Start of Block

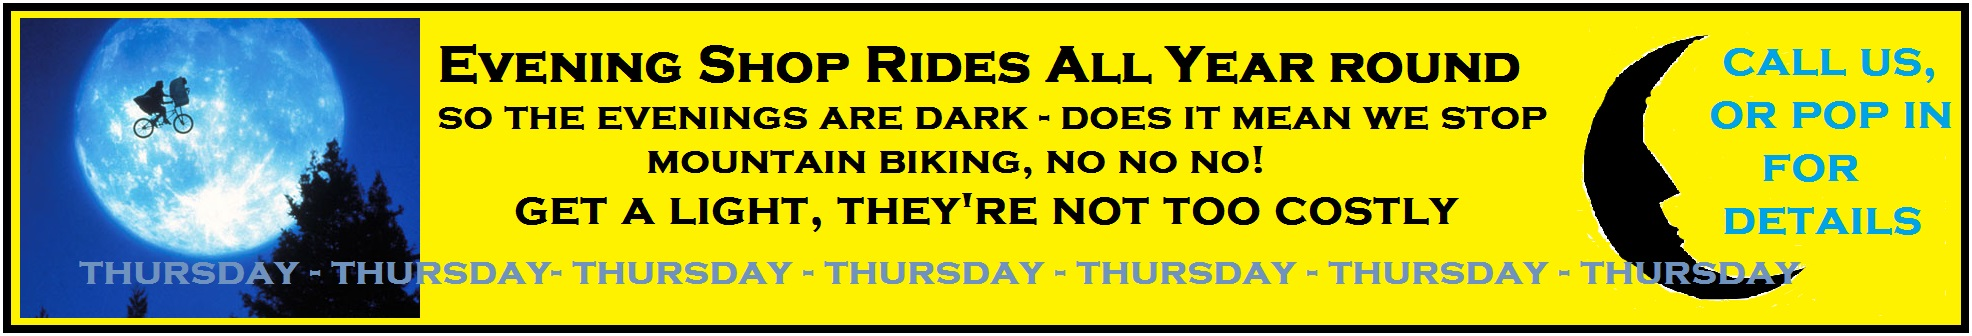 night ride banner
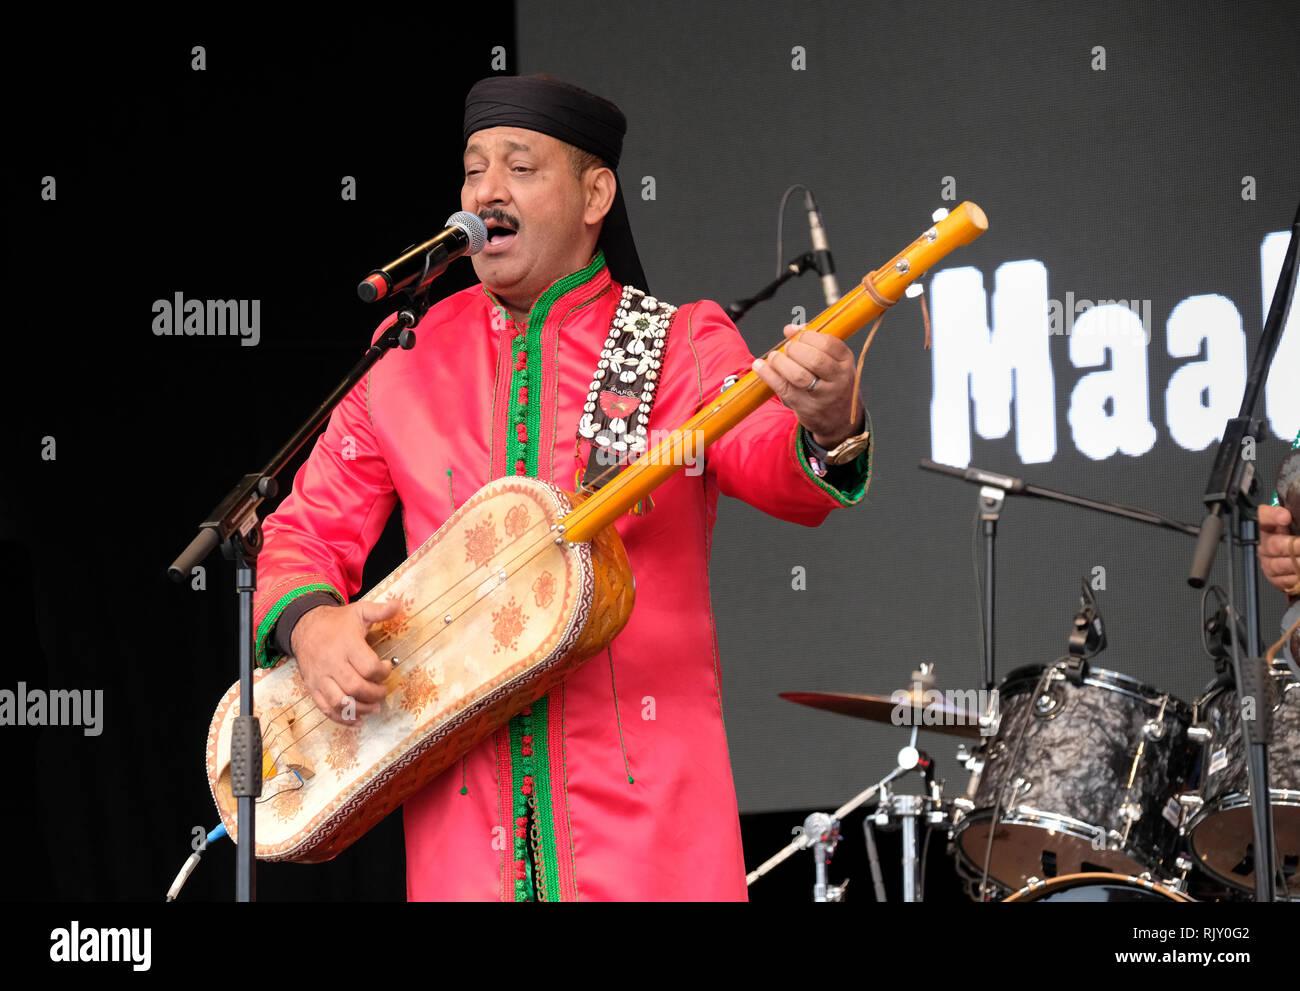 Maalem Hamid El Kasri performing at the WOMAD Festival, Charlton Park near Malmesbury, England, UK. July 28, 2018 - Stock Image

End of Block
Start of Block

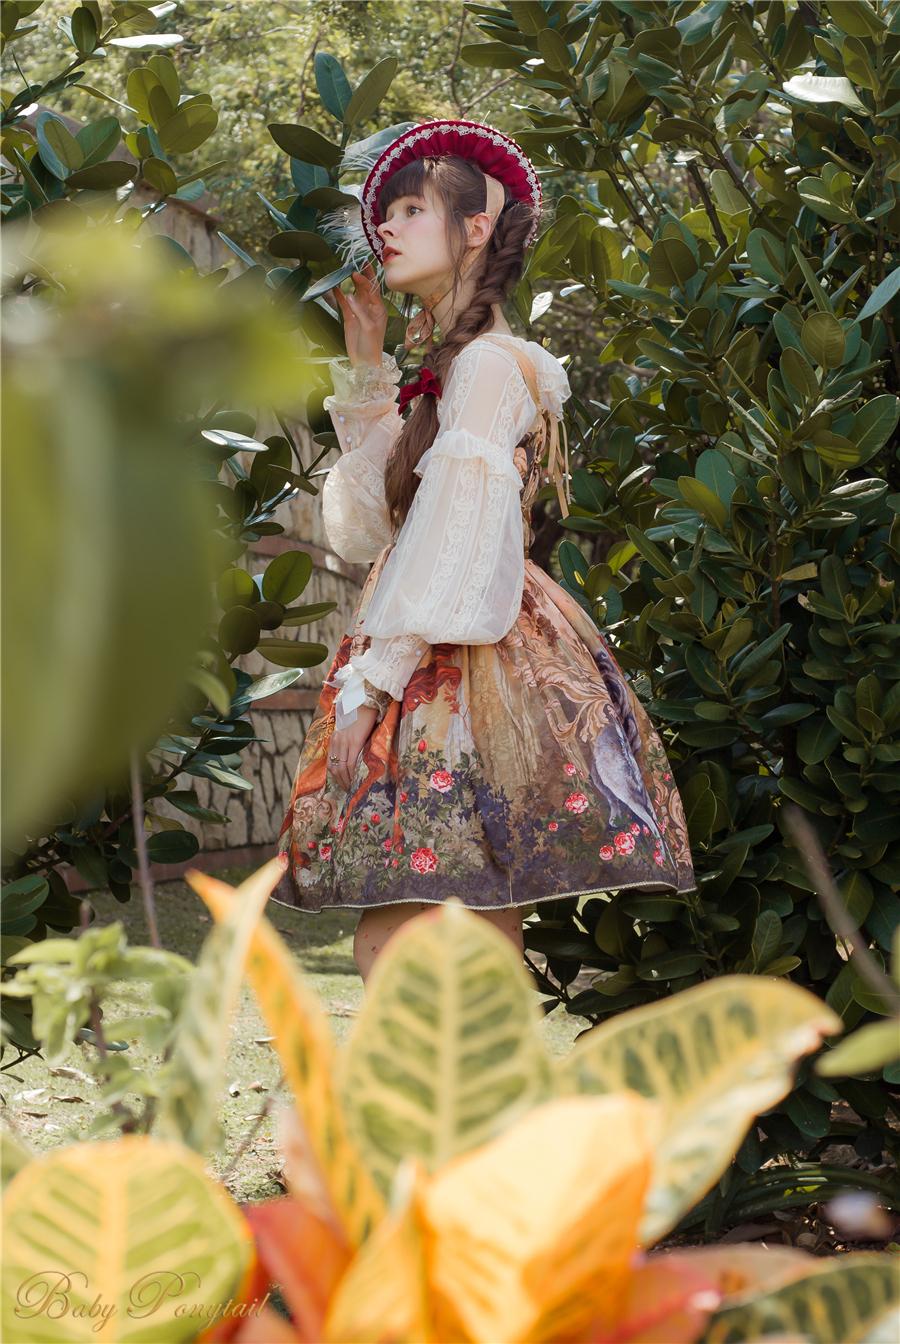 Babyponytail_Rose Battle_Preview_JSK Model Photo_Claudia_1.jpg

End of Block

Your copy should hold the lines from the one with "night ride banner" up to and including the one with "Maalem Hamid El", exactly as in the data above, and no pictures.

- [Response to the task]:
 night ride banner
 Maalem Hamid El Kasri performing at the WOMAD Festival, Charlton Park near Malmesbury, England, UK. July 28, 2018 - Stock Image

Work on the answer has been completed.